I haven’t seen a party this messy since your Year 2 birthday party that only 8 people showed up to. Even Owen Jones, long time Corbyn supporter, brought up some valid criticism about his referendum campaigning. That being said, the polls are closing, Corbyn is bringing the energy, and no one in the Labour Party has punched Corbyn in the face yet, so all in all, pretty good.


What now?

Now, you go vote. Obviously. Go campaign, go encourage others to vote, do everything you can to sway the undecided and disaffected.

Then what?

I’m trying not to predict this election, as I’ve been wrong with every single election since the Scottish Referendum; just ask that unposted Clinton victory blog post.
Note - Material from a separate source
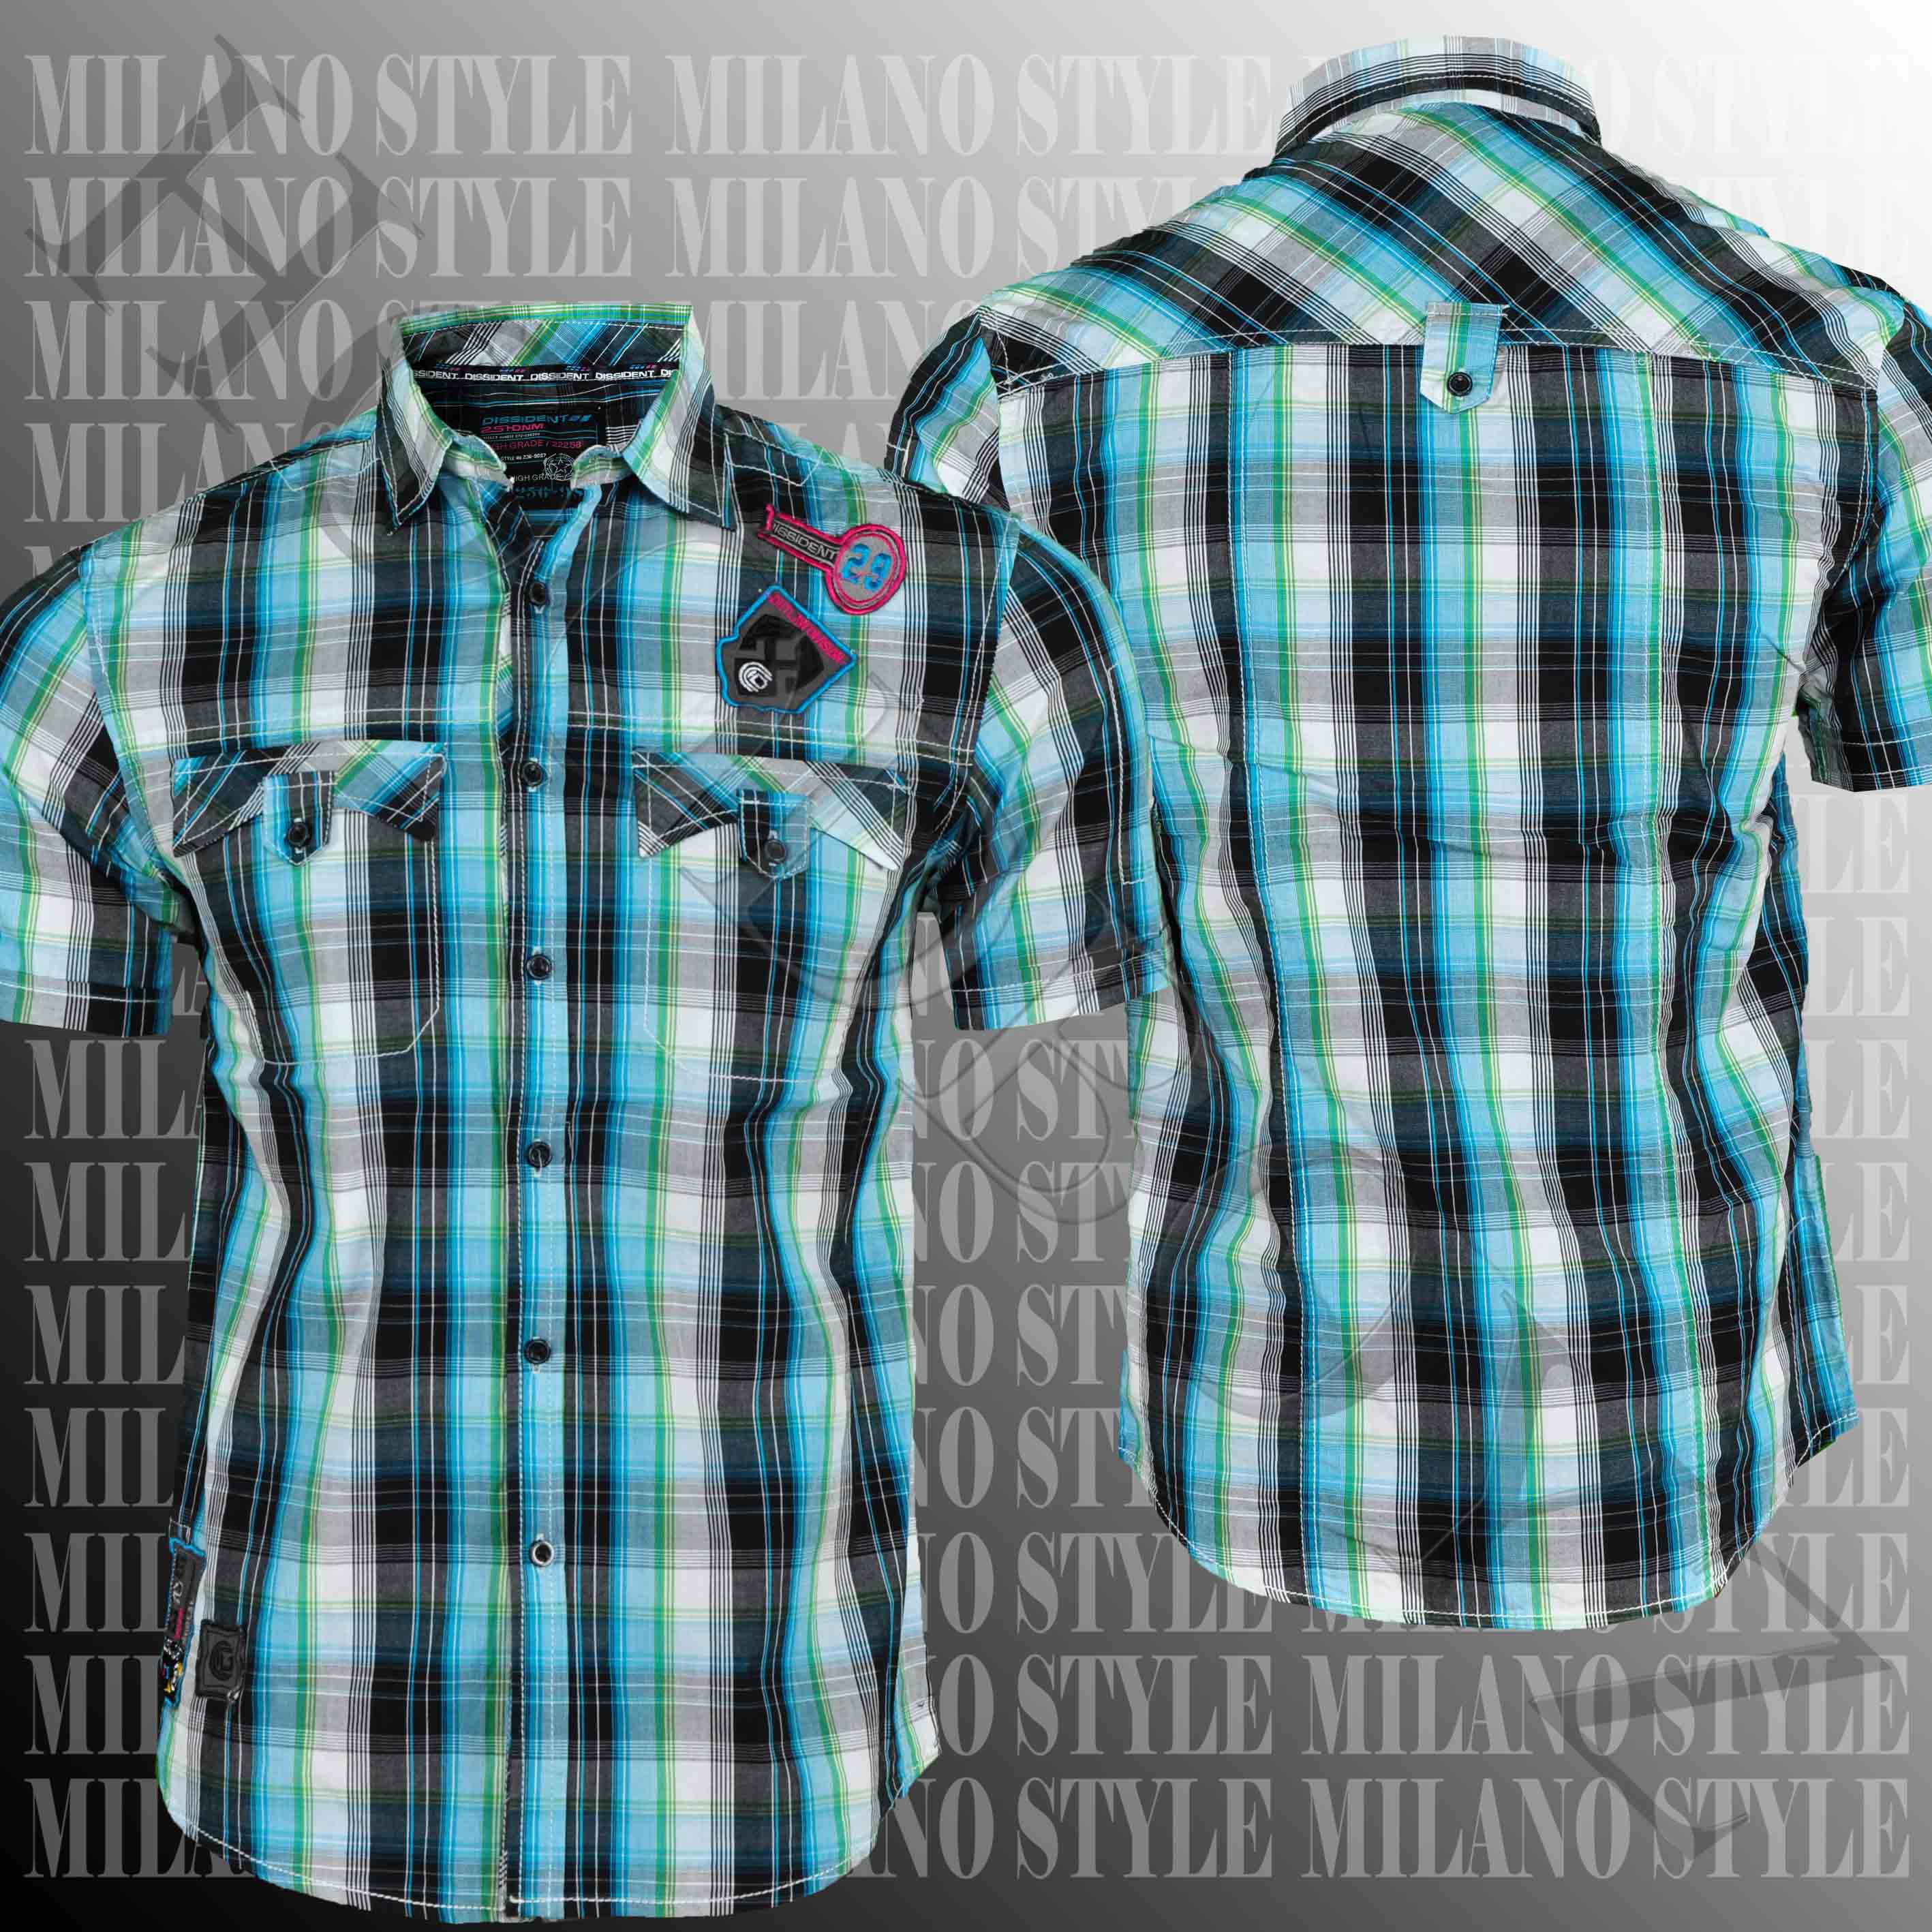 Foto Milano Style Dissident Camisas De Color Azul Oscuro foto 154812
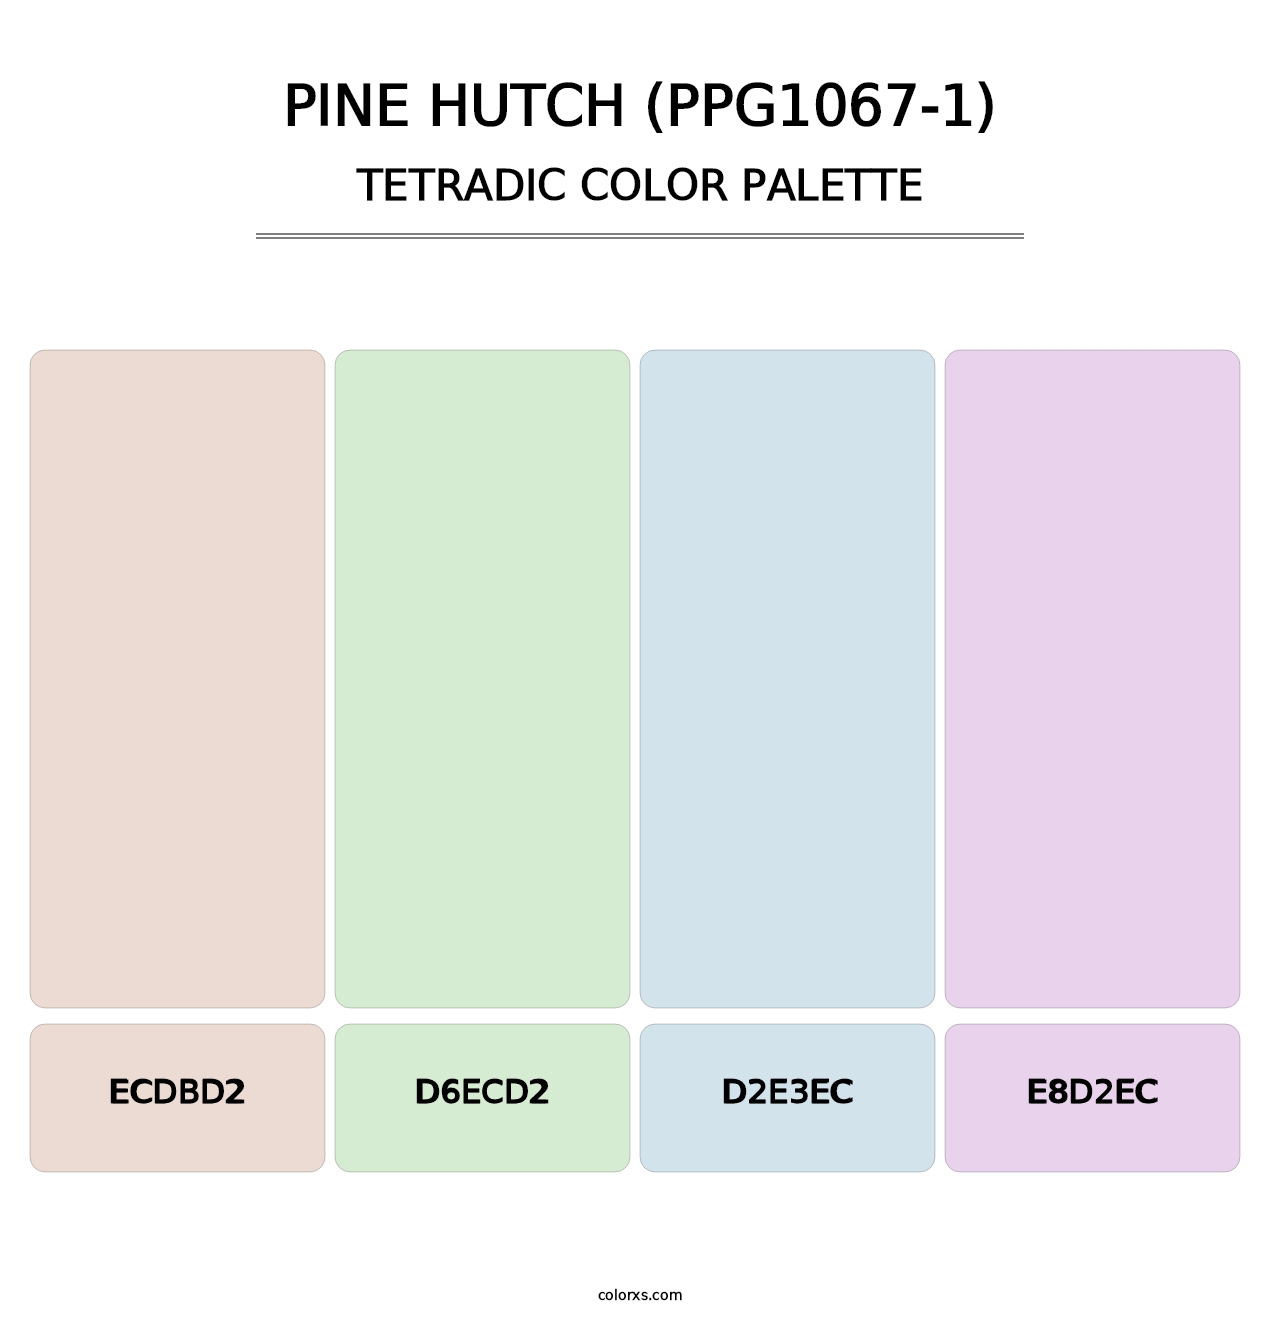 Pine Hutch (PPG1067-1) - Tetradic Color Palette

While the media are in a fury that Labour have narrowed the gap in polls, polls have been wrong before, so don’t get your hopes too high. I urge all the readers to vote against, the Tory’s; I’m about to start a job in the NHS, and I don’t want to see it crumble right before my eyes as less well-off patients get worse and worse due to terrible social care and general neglect by a Tory government. I don’t want to see a “hard Brexit,” where we casually alienate half of Europe and need to pay a corking severance, just because the UK’s more racist than we all thought.

Also, I really don’t want to see another think piece about how Jeremy Corbyn in unelectable.

Who knows? Knowing my track record UKIP will win.